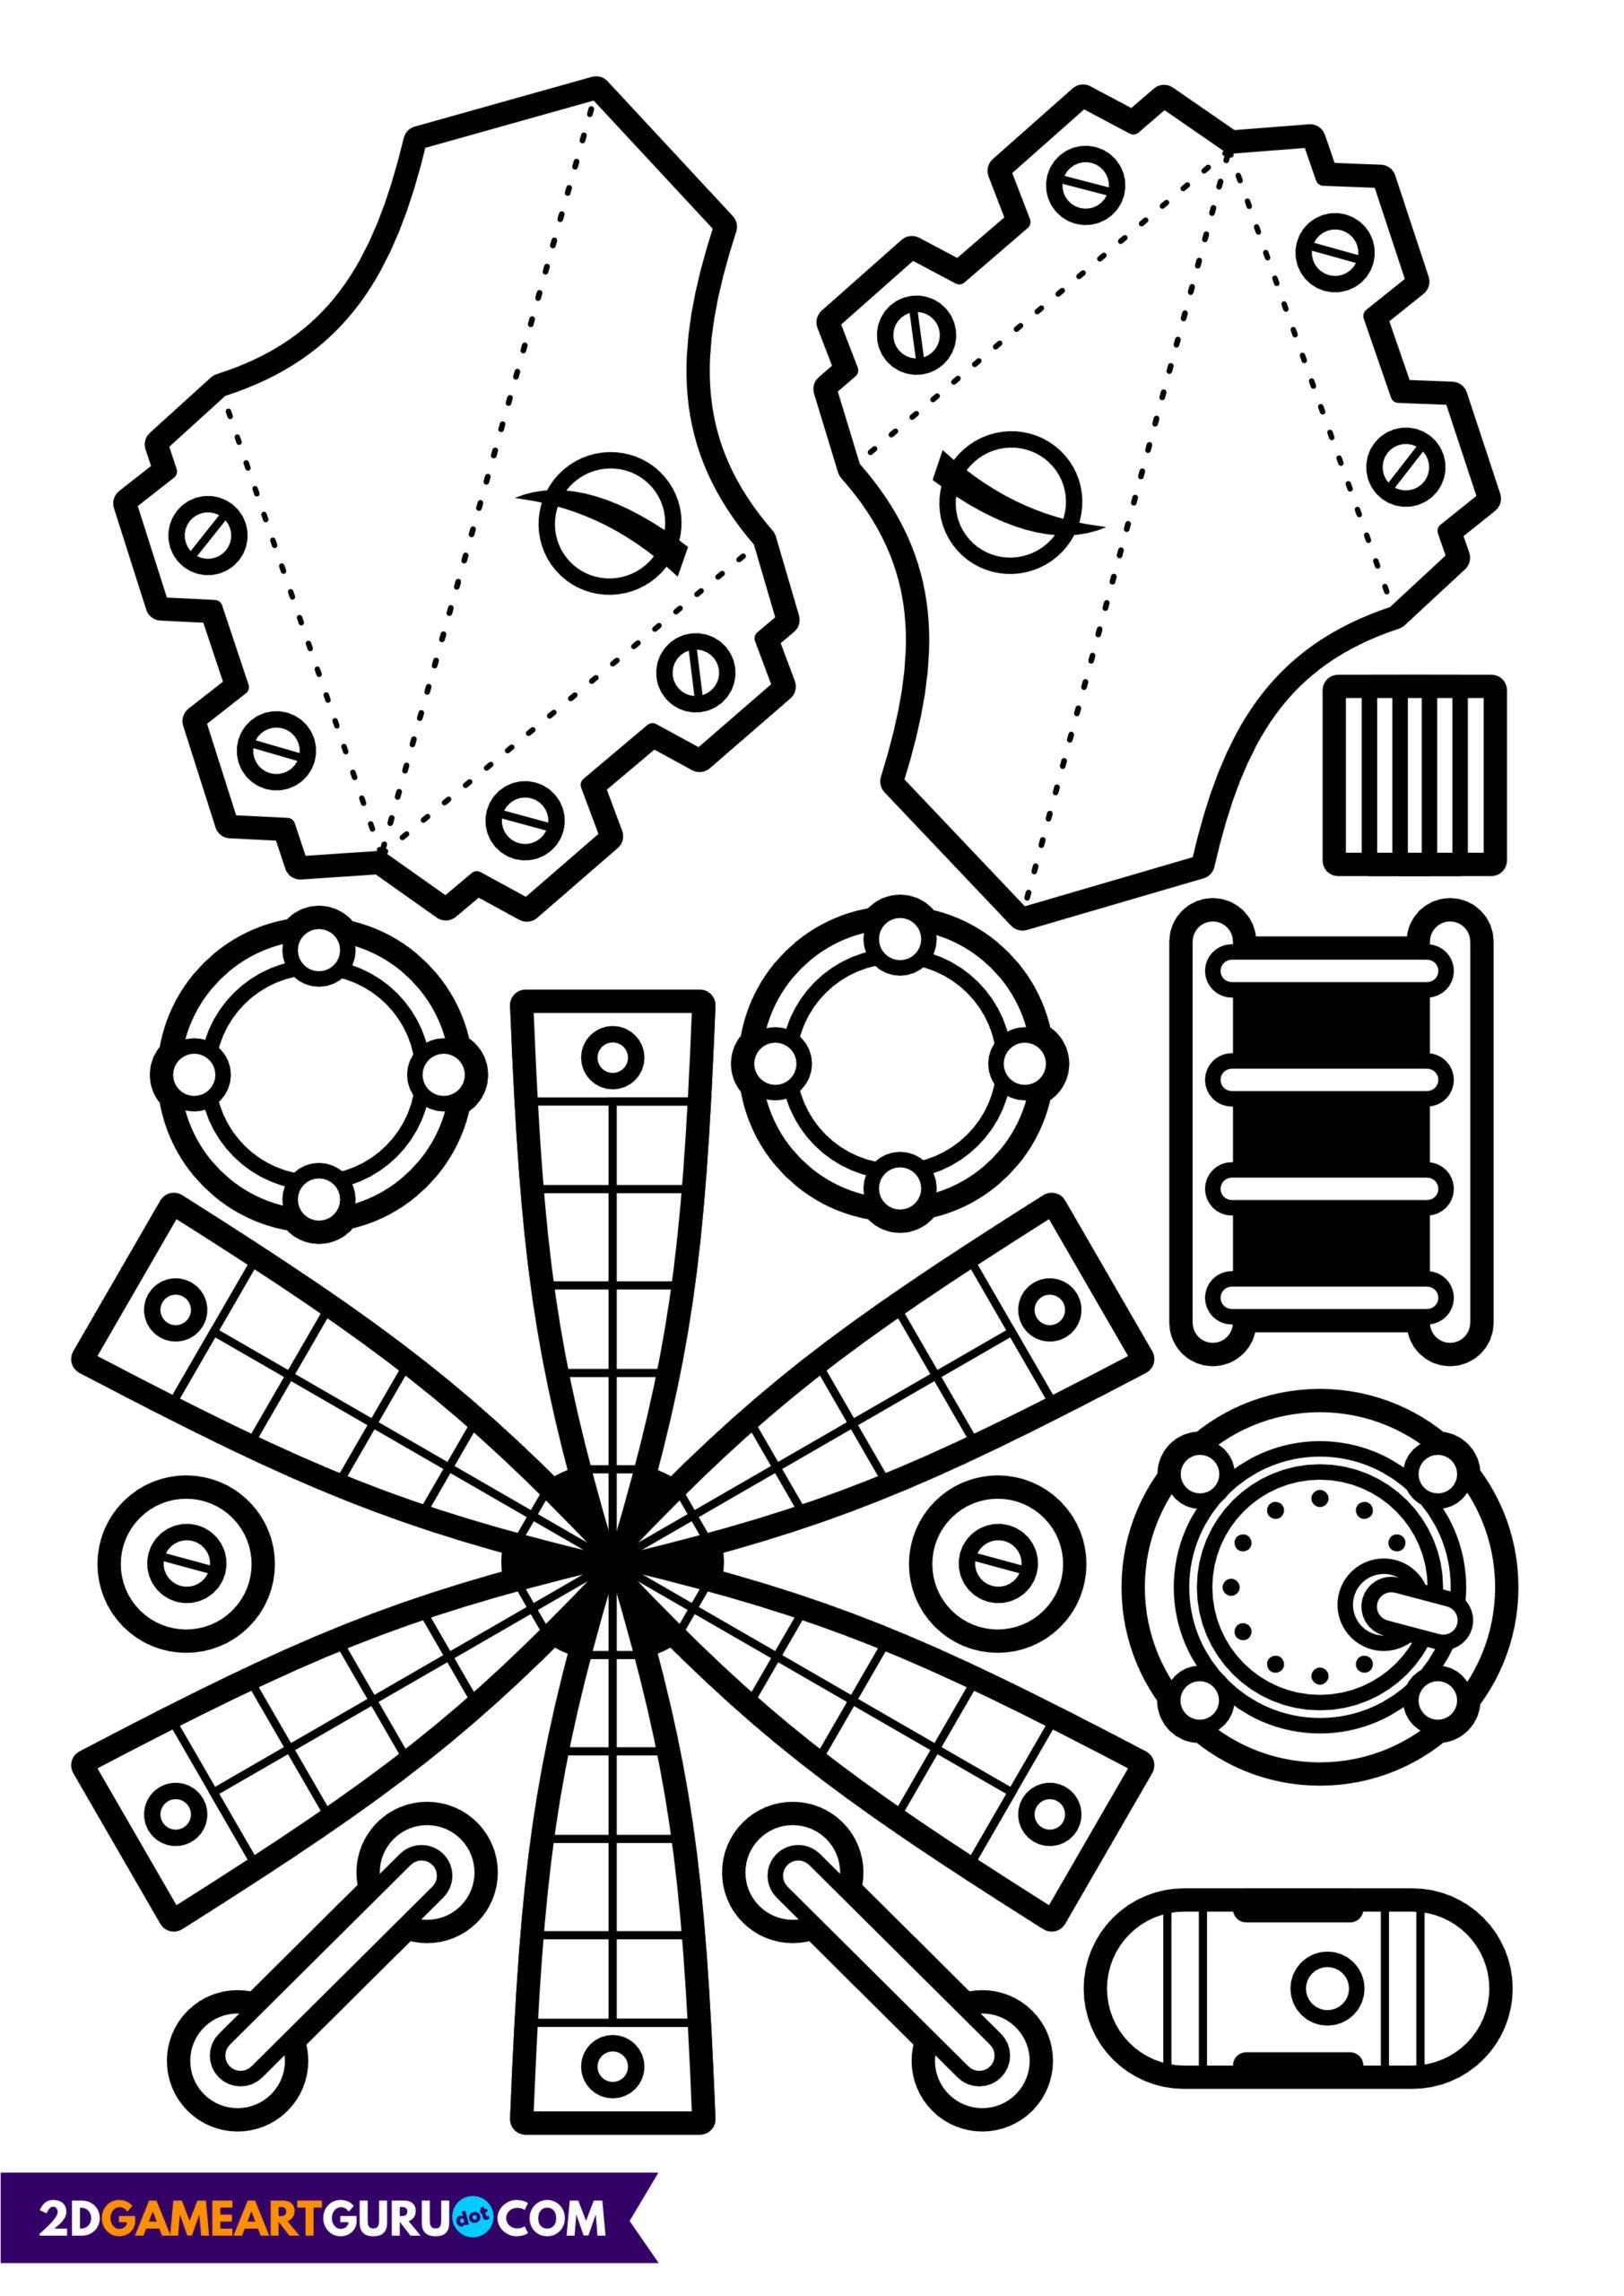 2dgameartguru - craft sheet rocket ship
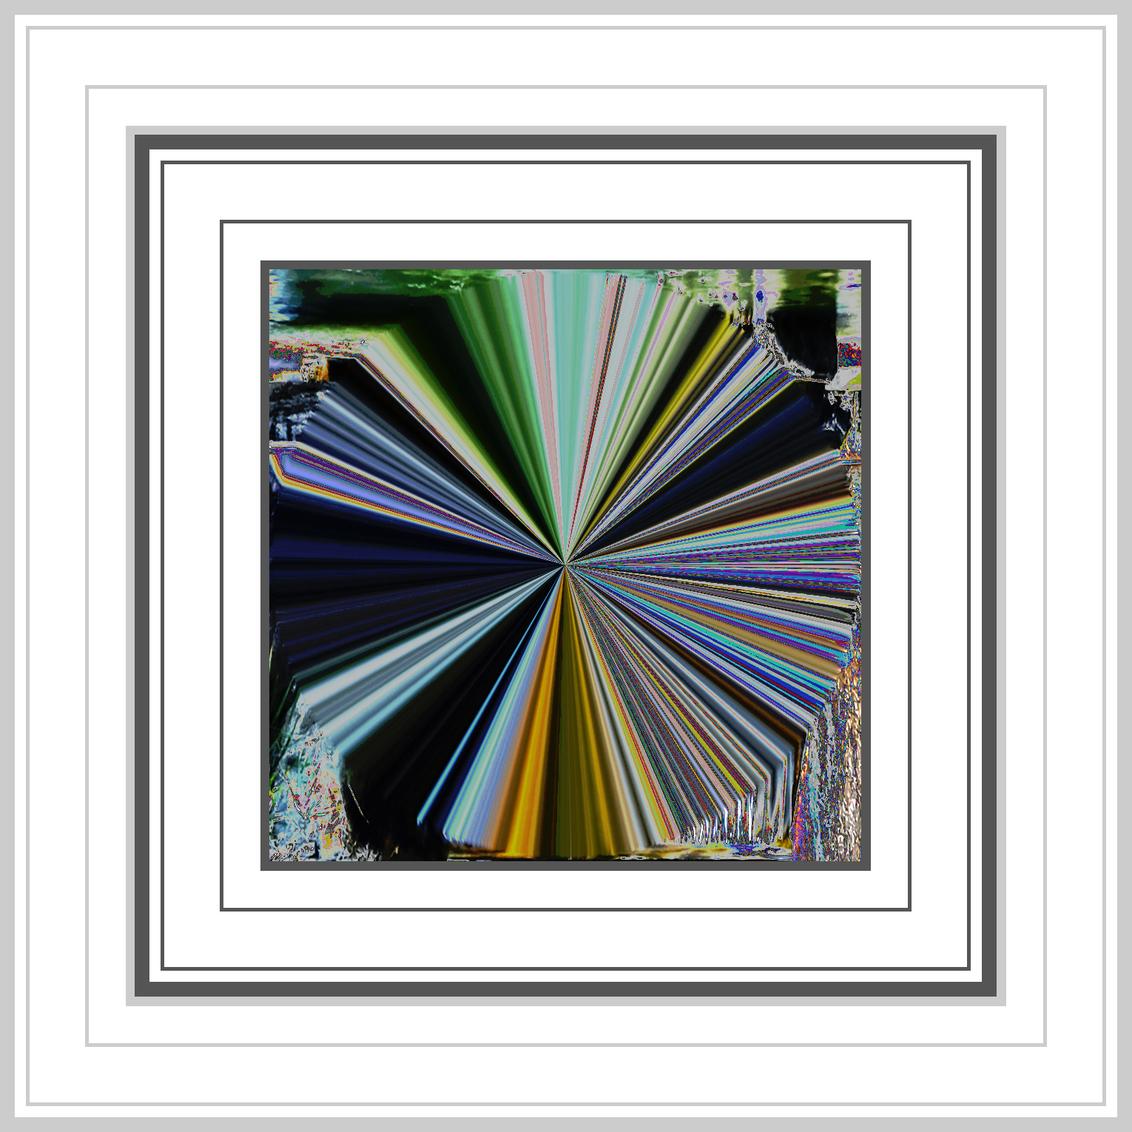 """Creatief met kleuren 11 - """" Creatief met kleuren"""". - foto door jos1953 op 06-03-2021"""
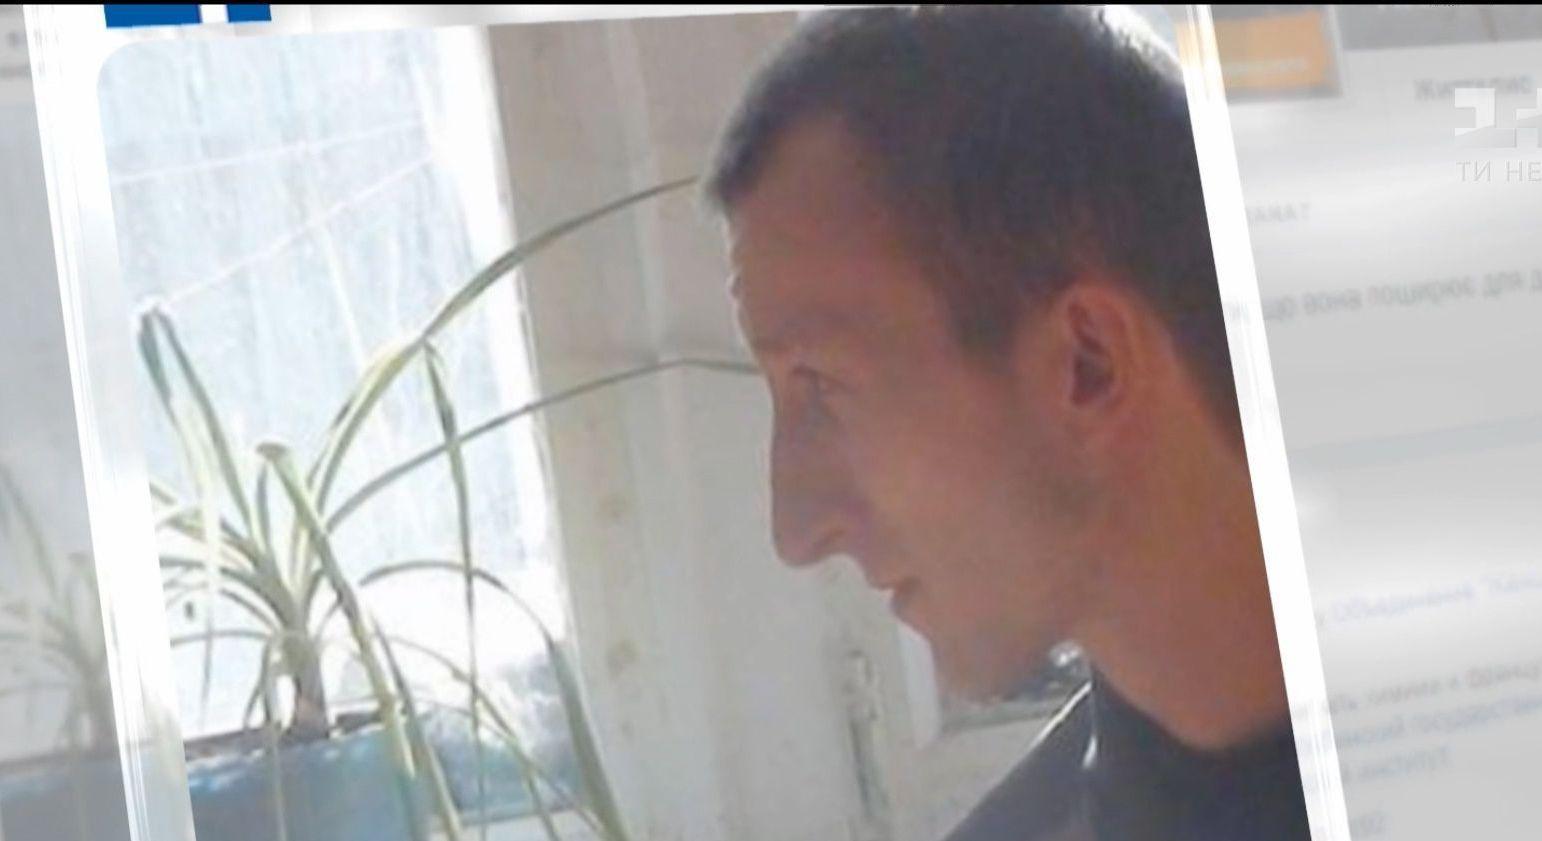 Кольченко поместили в штрафной изолятор за поход в библиотеку и столовою

▬▬▬

### AIM OF THE TASK
Would you restate all of the data above word for word, omitting the pictures?

### SOLUTION
 2dgameartguru - craft sheet rocket ship
 """Creatief met kleuren 11 - """" Creatief met kleuren"""". - foto door jos1953 op 06-03-2021"""
 Кольченко поместили в штрафной изолятор за поход в библиотеку и столовою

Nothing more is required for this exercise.